*Exercise requirements*.
Return the data verbatim, without pictures.

*Exercise data*.

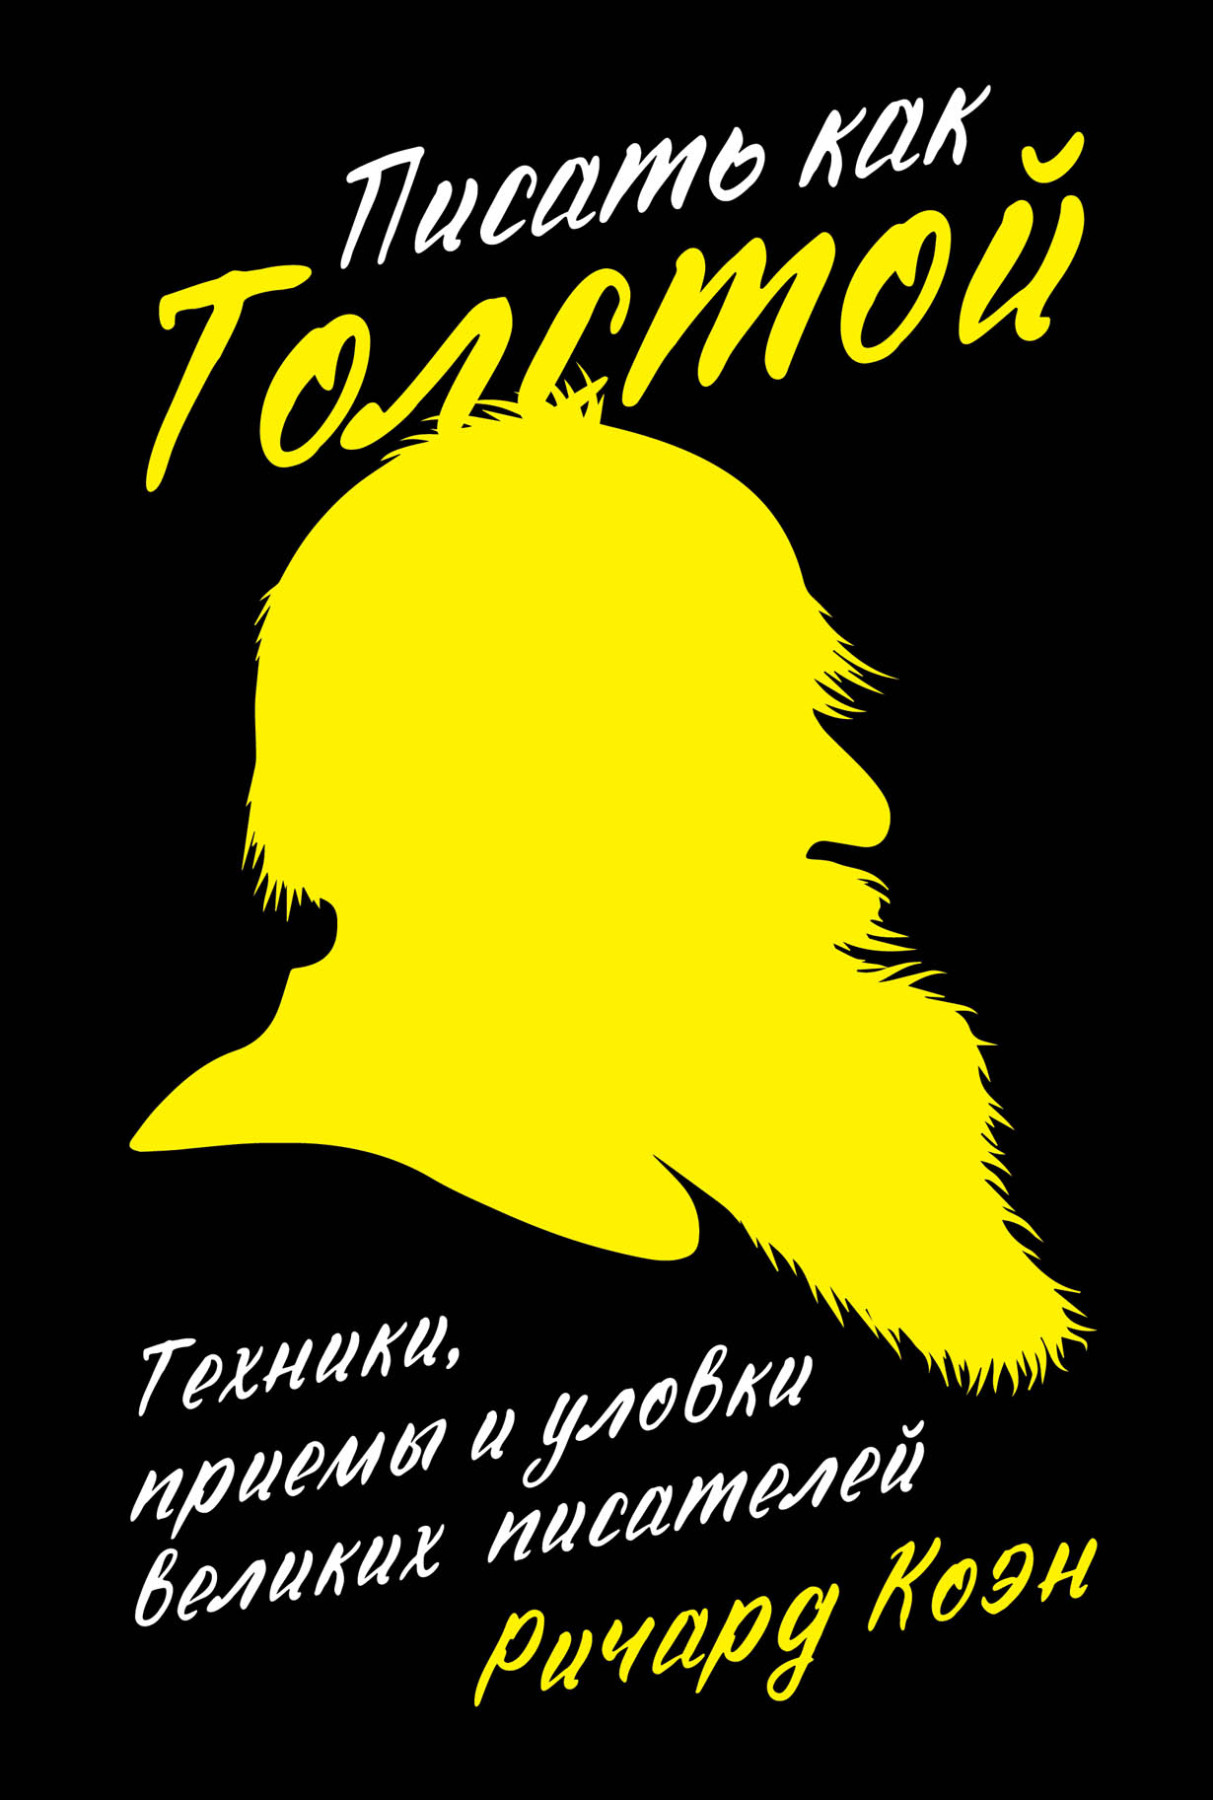 Писать как Толстой обложка.
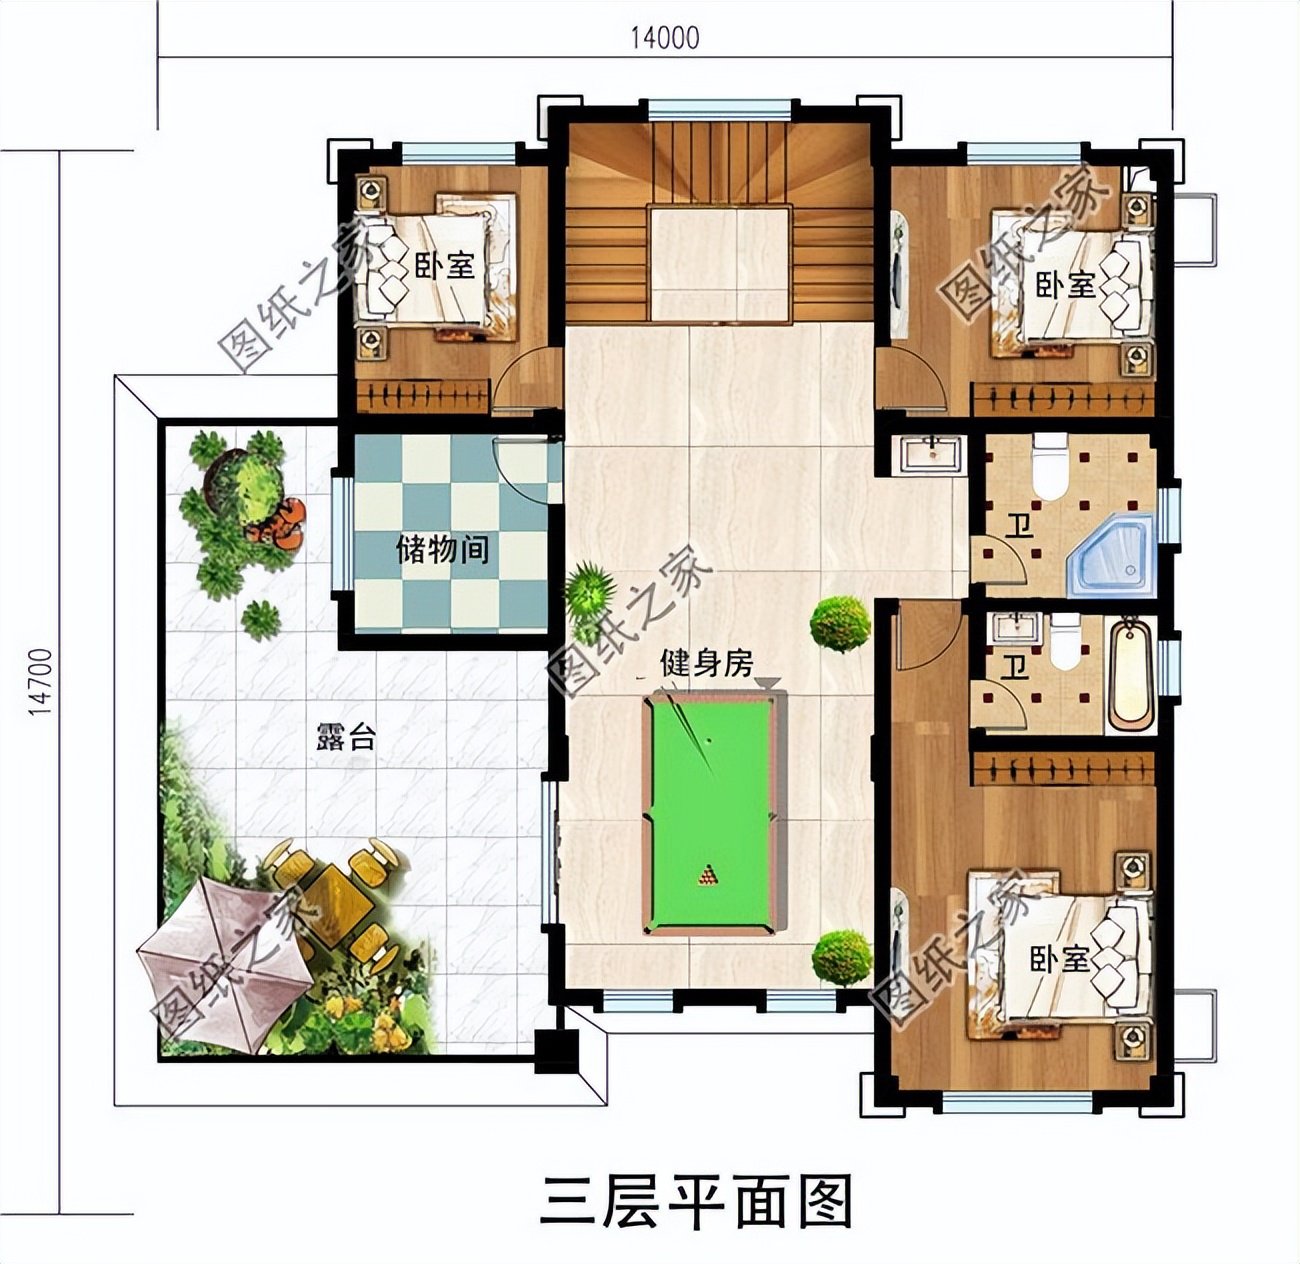 五款新中式别墅设计，外观低调奢华内涵，室内实用舒适宽敞
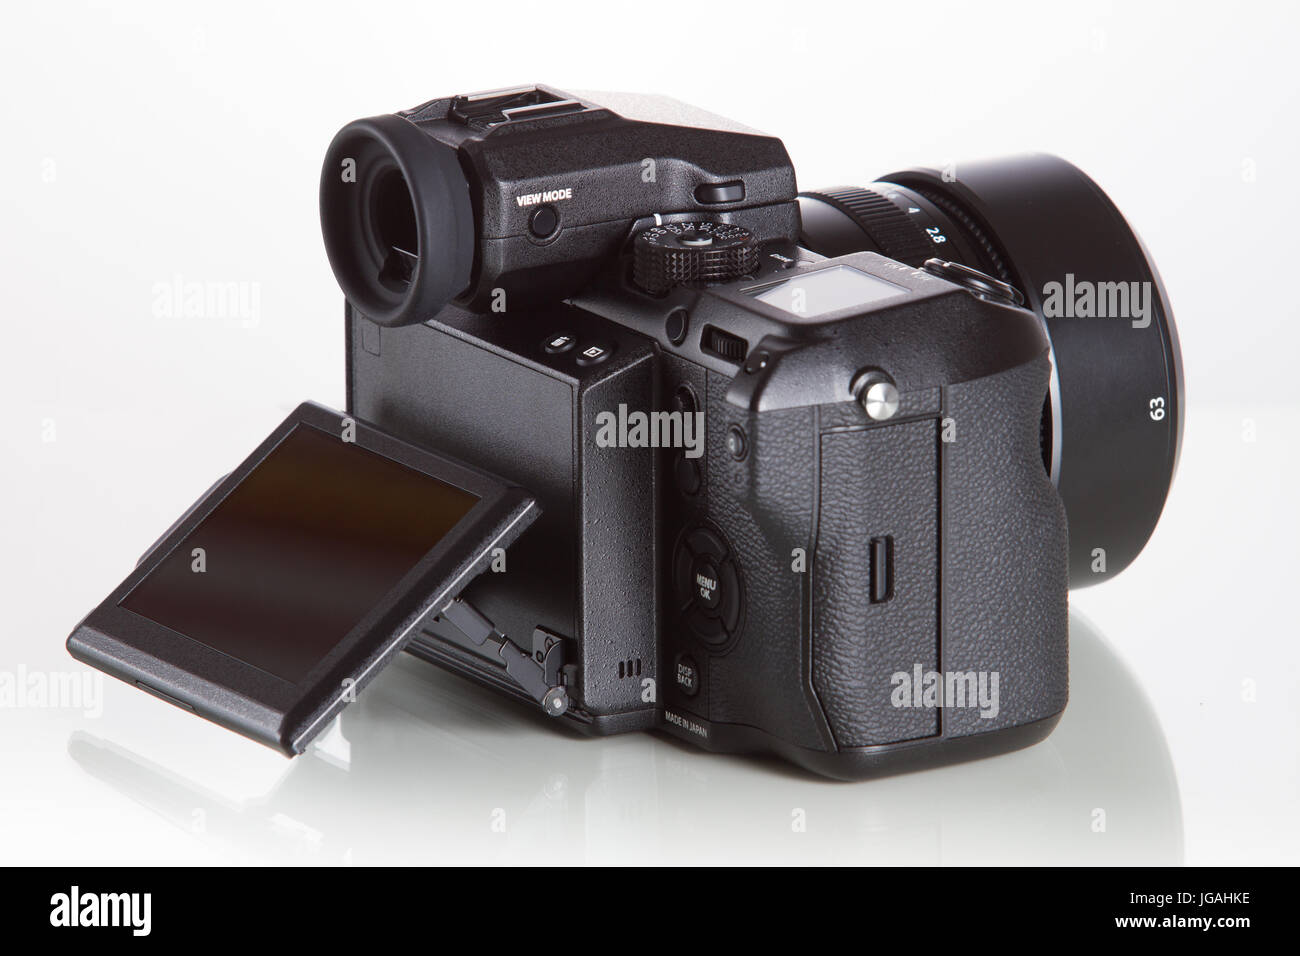 Fujifilm GFX 50S là một trong những chiếc máy ảnh cao cấp nhất trên thị trường hiện nay. Các hình ảnh chụp từ máy ảnh này có độ phân giải cực cao và chất lượng hình ảnh tuyệt vời. Nếu bạn đam mê nhiếp ảnh hoặc công nghệ, hãy xem ngay các hình ảnh liên quan đến Fujifilm GFX 50S.

*Answer to the problem*.
 Писать как Толстой обложка.
 五款新中式别墅设计，外观低调奢华内涵，室内实用舒适宽敞
 Fujifilm GFX 50S là một trong những chiếc máy ảnh cao cấp nhất trên thị trường hiện nay. Các hình ảnh chụp từ máy ảnh này có độ phân giải cực cao và chất lượng hình ảnh tuyệt vời. Nếu bạn đam mê nhiếp ảnh hoặc công nghệ, hãy xem ngay các hình ảnh liên quan đến Fujifilm GFX 50S.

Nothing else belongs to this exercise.